Yesterday's success: We got our first call back on our first teensy batch of yellow letters.
Todays success: I learned a whole hell of a lot about vetting sellers to determine who is actually motivated to sell and to what degree. (When I met with the buyer and eventually figured out that they're just not quite "there" yet).
The takeaway: 90% of the work we're doing (at least now in the early days) is seed planting. Follow up is huge. Patience is necessary. Getting a sense as to when to walk away and for how long is vital.
Up next: a more official marketing campaign and some general business organizing.
I've appreciated all the feedback from many members along the way as we get started on the journey!
Congtraz! The first steps are the hardest! Picking up that phone can be like wrestling a 500 pound gorilla :).
You have a lot of lessons to go, I hope you enjoy each and every one of them. They will make the stories that keep you young and energized.
PS: 95% of the time, I will not visit a property until I have it under contract, which I do over the phone based off of what the seller tells me (I work with a lot of out of state sellers). This way everyone knows what eachothers expectations are. The seller knows I'll renegotiate if what we believe to be true is some how not the entire picture.
Thanks @Philip Cutting !
Yeah, I totally agree on the limiting visits, and I will definitely do that as business picks up. I've learned over time that I'm very much a visual and kinesthetic learner, which means I get the most from a situation when I'm right there in the fray. I actually feel much more prepared to manage things over the phone now that I've had that one face-to-face interaction. However, now I also see that I need more focus and experience on really understanding why selling to me is a great option for them. I'm good at customer service, but not always so great at sales and negotiation, so now I have a new direction to focus my energy. Oh yes, and I'm still pretty weak at understanding exactly what all of a seller's options are and how to proceed once we find an option that hooks them. SO MUCH TO LEARN! Thanks for your feedback!

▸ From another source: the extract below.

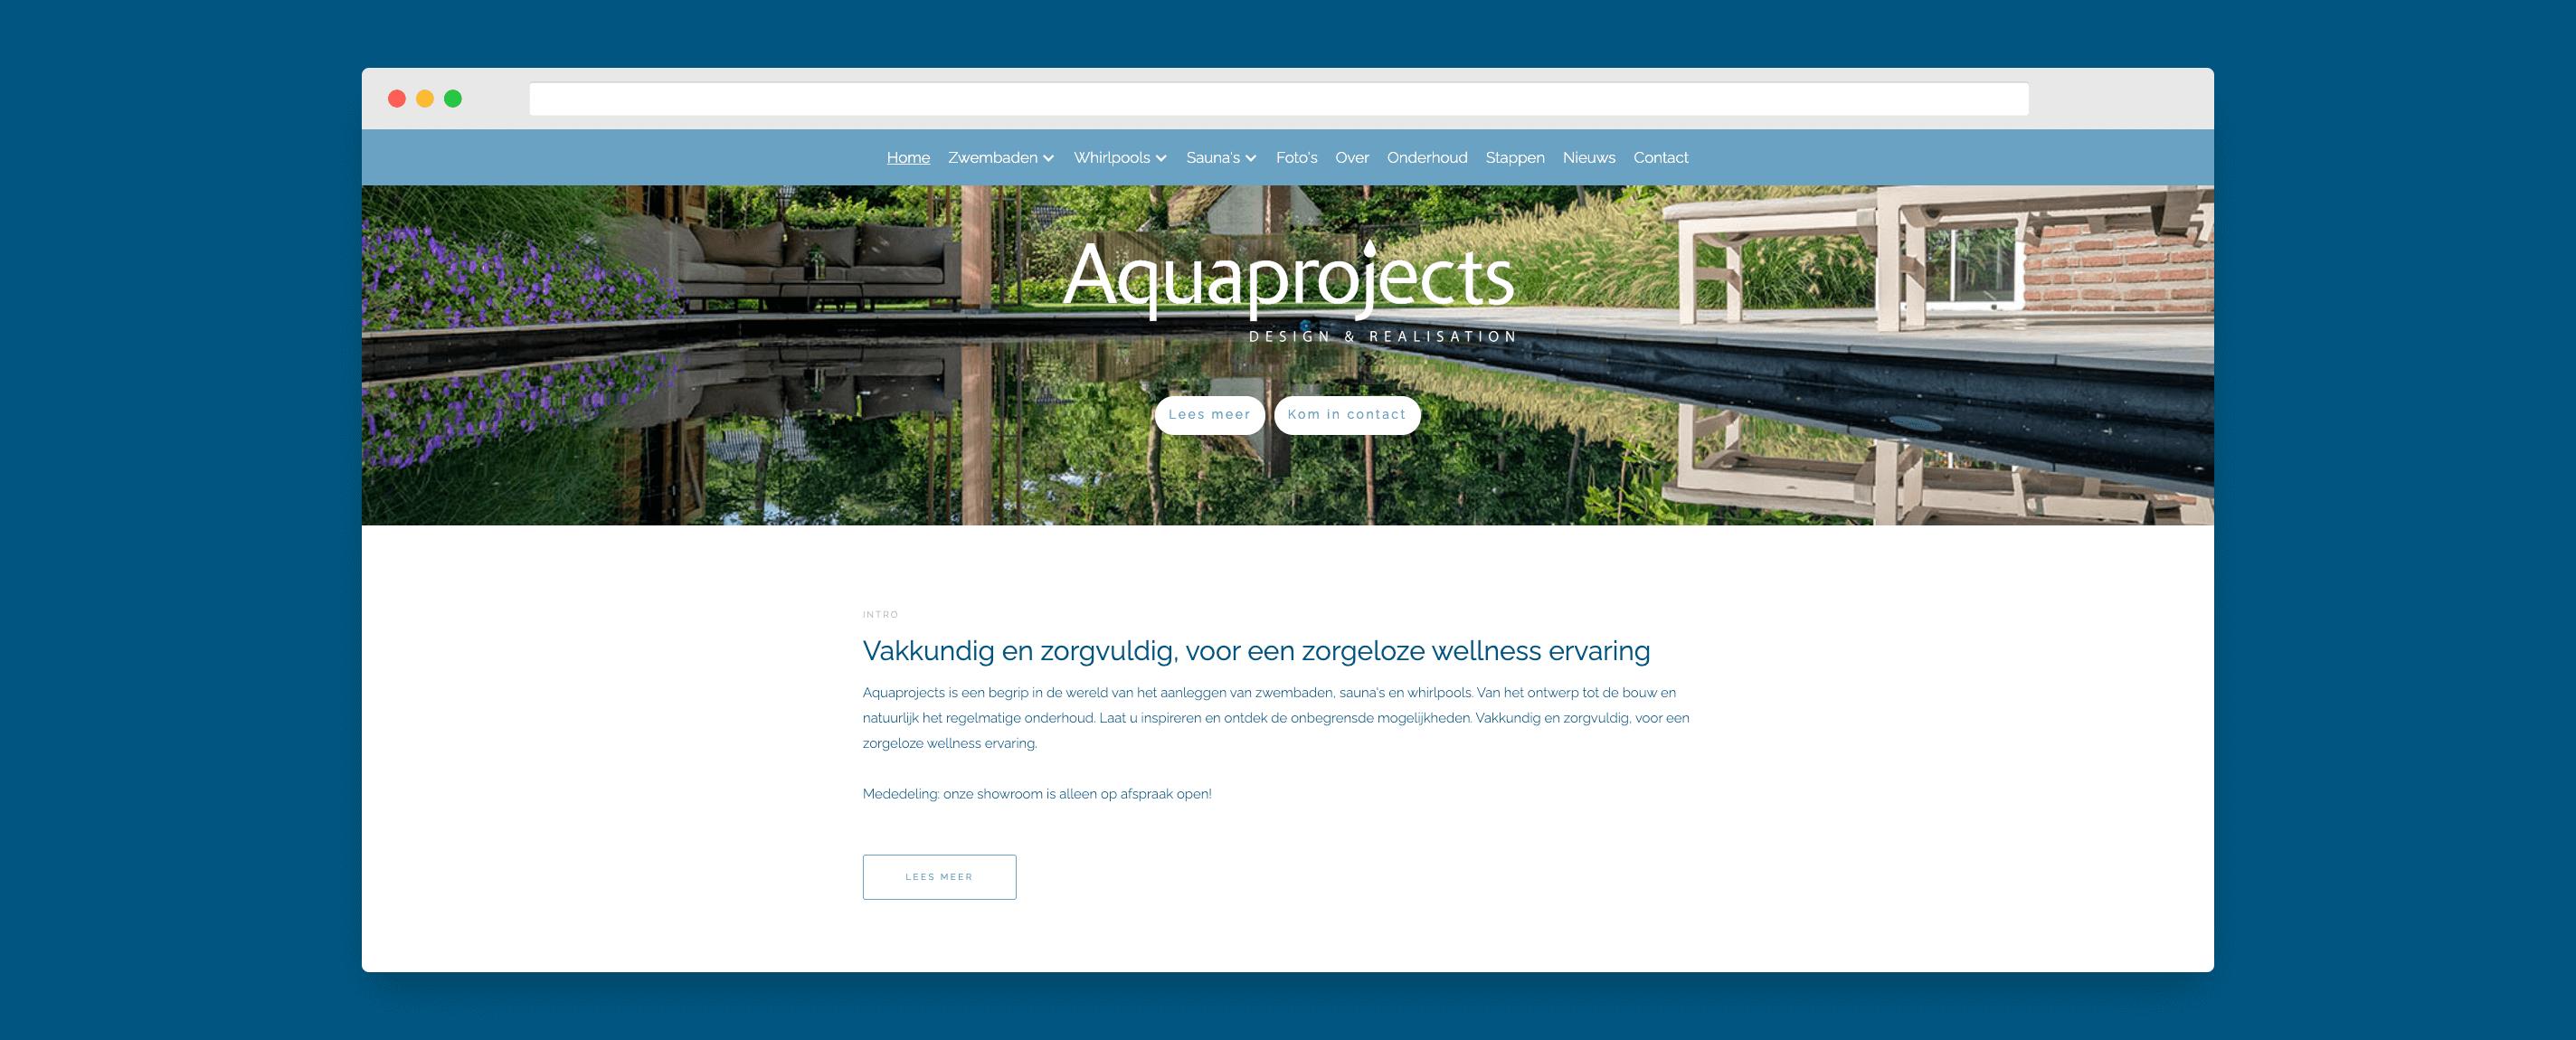 Aquaprojects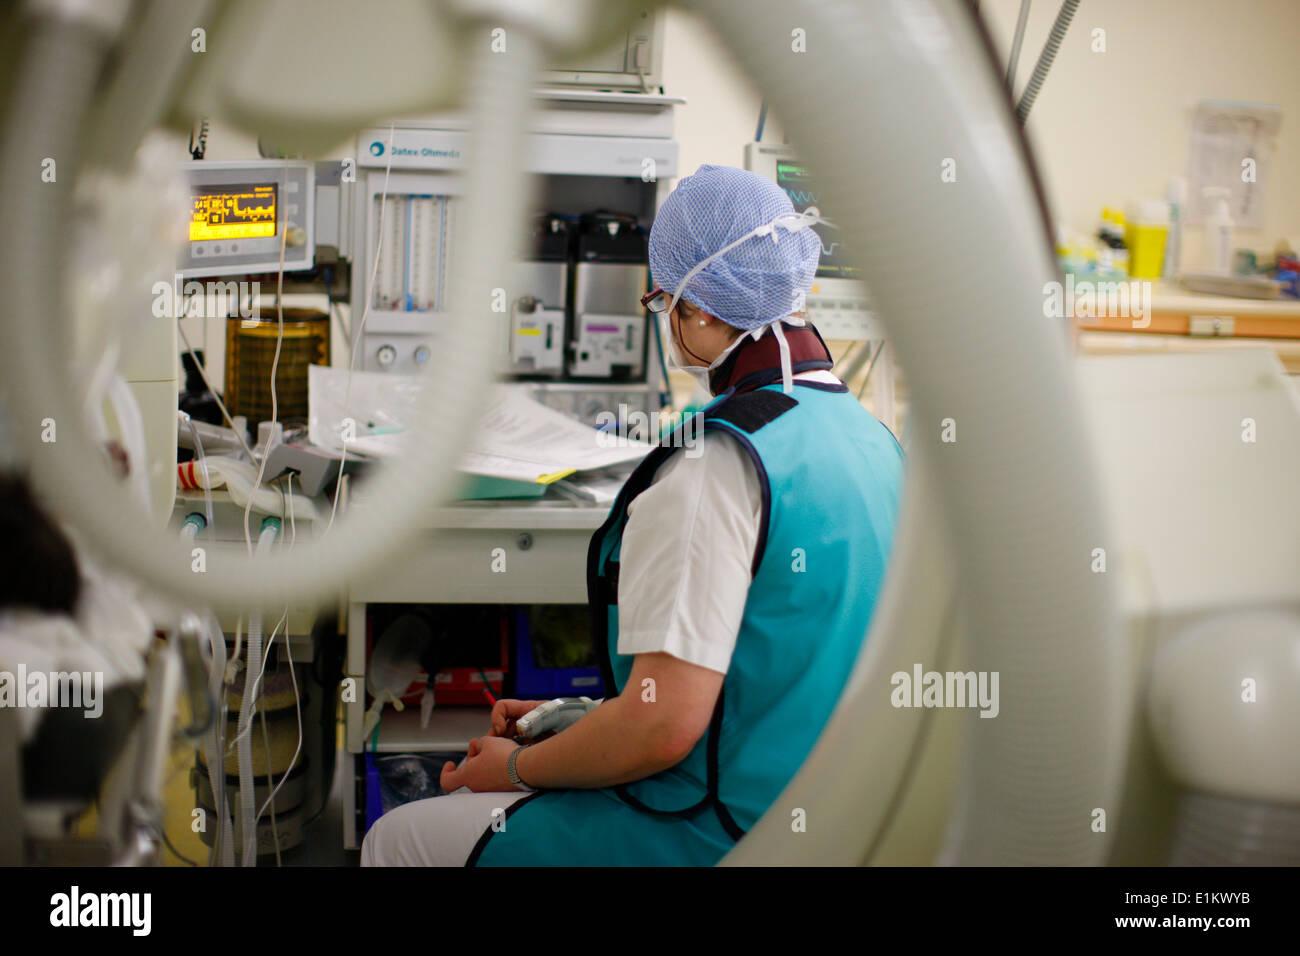 Cardiac surgery - Anesthesiologist - Stock Image

Selling to you is the best option because no one can solve their problem like you can. That is for sure.
In general should get 3 options for offers, and any property you visit should get three offers and you should expect them to accept one of them (even though most will not accept your offers, and if they do, you are leaving way too much money on the table).
(1) 50% of the as is market value cash and to close on the day of their picking, and as soon as 7 to 14 days to make sure you can get clear title and do an inspection for your partner or even get a bpo (so you can wholesale it),
(2) 25% percent cash up front and then payments for a 75% market value.
(3) 100% finance with near to MLS value paid over 2 or some years.
These are all general except for the cash value. sure, you can argue with me if you are in a market that is appreciating, but if it's a stable market, you want to leave room for them to negotiate.
Even better, is to have them name their price, but this kind of negotiations take time to practice. So work on it, but don't be hard on yourself.
This advice is based on what I understand from you and that is that you are motivated, have time, and are willing to work really hard!
The seller options are to sell you a property that is causing them distress. If there is no distress then they need to find a realtor, or a hobby.
Keep it up! You rock!
PS: Because i'm not local, my advice might be terrible! But it's probably close to on target. You have to know what cycle you are in. And you are totally right, the more practice you have talking to sellers, seeing properties, evaluating scopes of work, the better you will be in the long run, so take your time and work on it.
PSS: Go to as many open houses as possible in your target market! This will give you price comparisons and also let you know how much those areas demand for quality of home. Remember that the buyers are going to see those houses and compare anything you have to that. If you know the area, you can tell stories and make comparisons to sellers.
PSSS: Sellers make emotional choices, they operate off of what feels right for them. It's not about how good you are, but how you solve their problem.